To most observers, the sound seems to increase and decrease in intensity with the shock, and so gradually and smoothly does this change take place that the sound is frequently mistaken for that of an underground train approaching the observer's house, passing beneath it, and receding in the opposite direction. Some persons, especially if situated within the meizoseismal area, hear also loud crashes in the midst of the rumbling sound and simultaneously with the strongest vibrations. At a moderate distance, say from 30 to 40 miles, the sound becomes more harsh and grating while the shock is felt; and, at a greater distance, even this change disappears, and nothing is heard but an almost monotonous sound like the low roll of distant thunder. The explanation of this is that the sound-vibrations are of different periods and varying amplitude, and the limiting vibrations tend to become inaudible with increasing distance, the lower on account of their long period, the higher owing to their small amplitude.

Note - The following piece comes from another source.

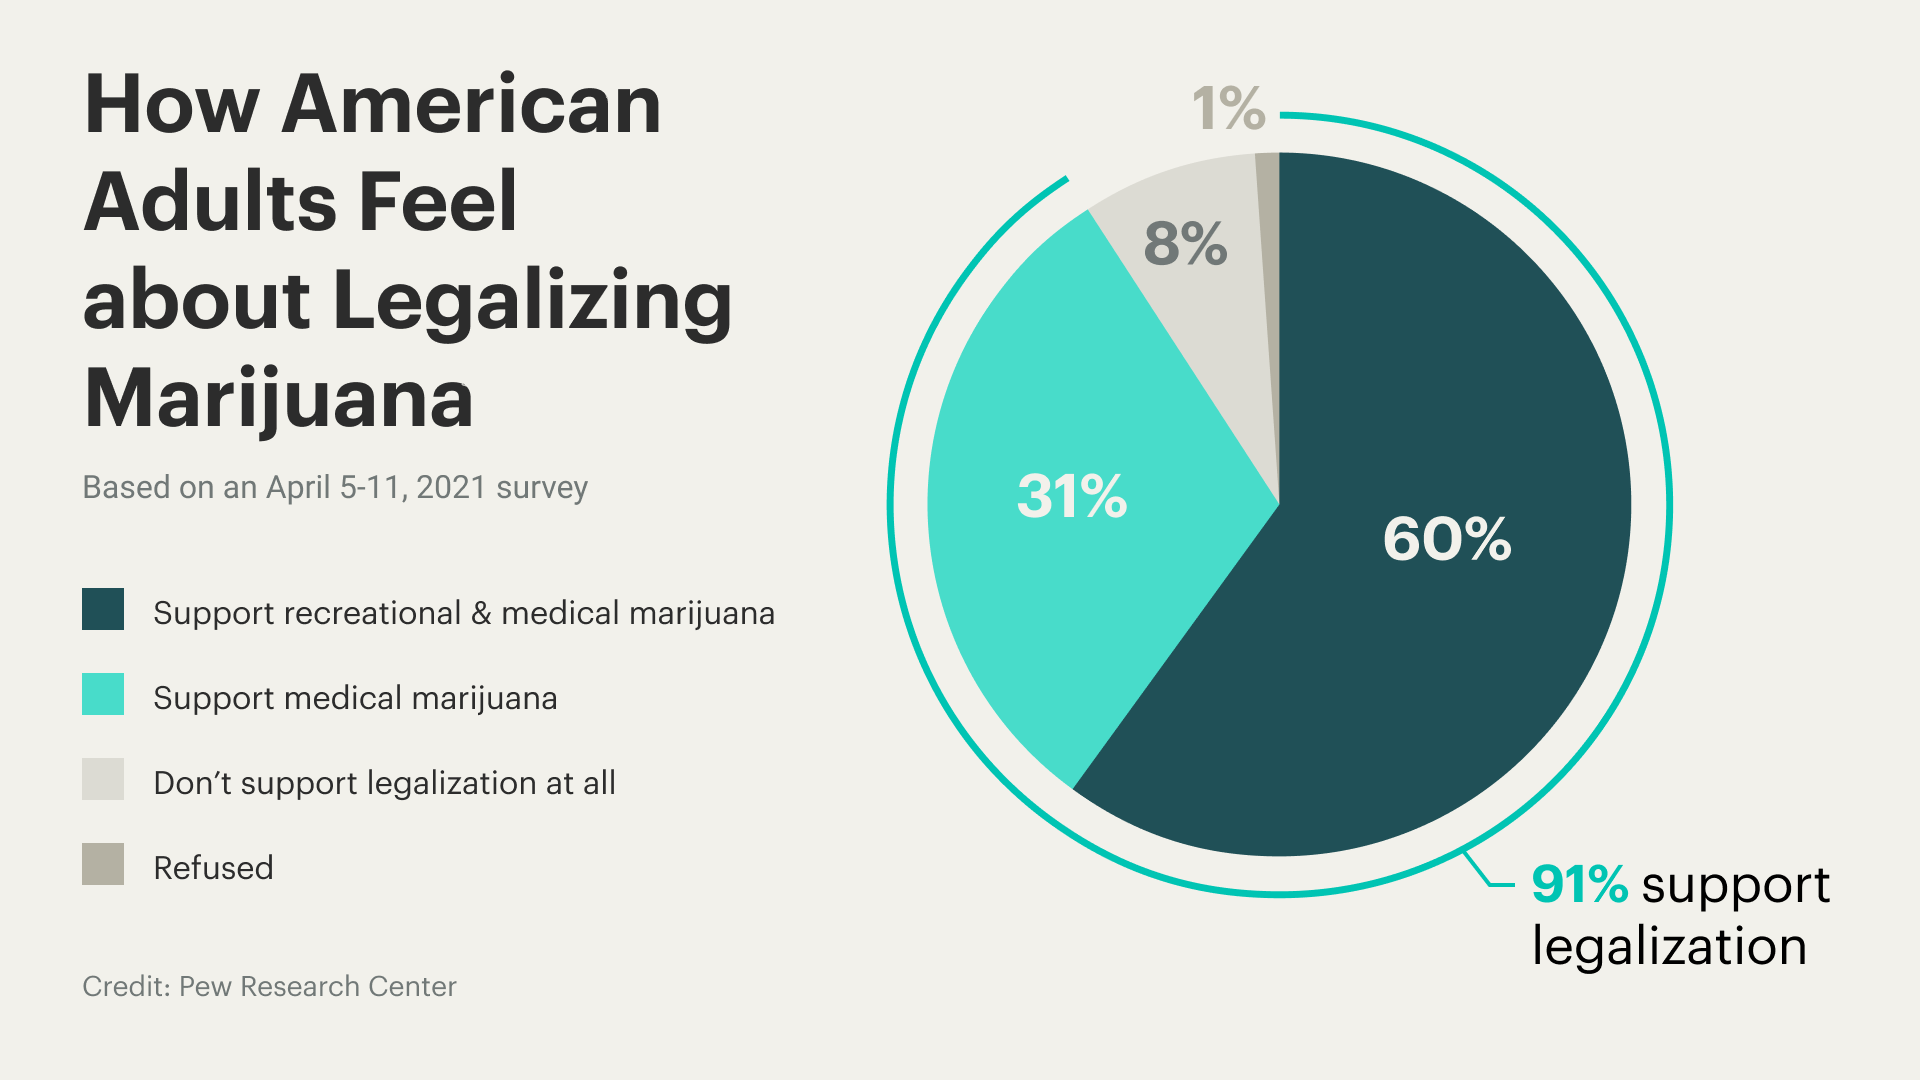 argumentative essay on why marijuana should be legalized

The magnitude of the sound-area depends, even more than that of the disturbed area, on the personal equation of the observers. The lower limit of audibility varies not only in different individuals, but also in different races. In Great Britain, it is doubtful whether an earthquake ever occurs unaccompanied by sound; and in the meizoseismal area the noise is heard by nearly all observers. With Italians, the average lower limit of audibility is higher than with the Anglo-Saxon race; slight shocks frequently occur without noticeable sound, but with strong ones, the larger number of observers is sure to include one or more capable of hearing the rumbling noise. The Japanese are, however, seldom affected by the most rapid earthquake-vibrations, and the strongest shocks may be unattended by any recorded sound. The result is manifest in the size of the sound-area in different countries. In the Hereford earthquake, the sound-area contained 70,000 square miles; in the Neapolitan earthquake, about 3,300 square miles; while, in Japanese earthquakes, the sound is rarely heard more than a few miles from the epicentre.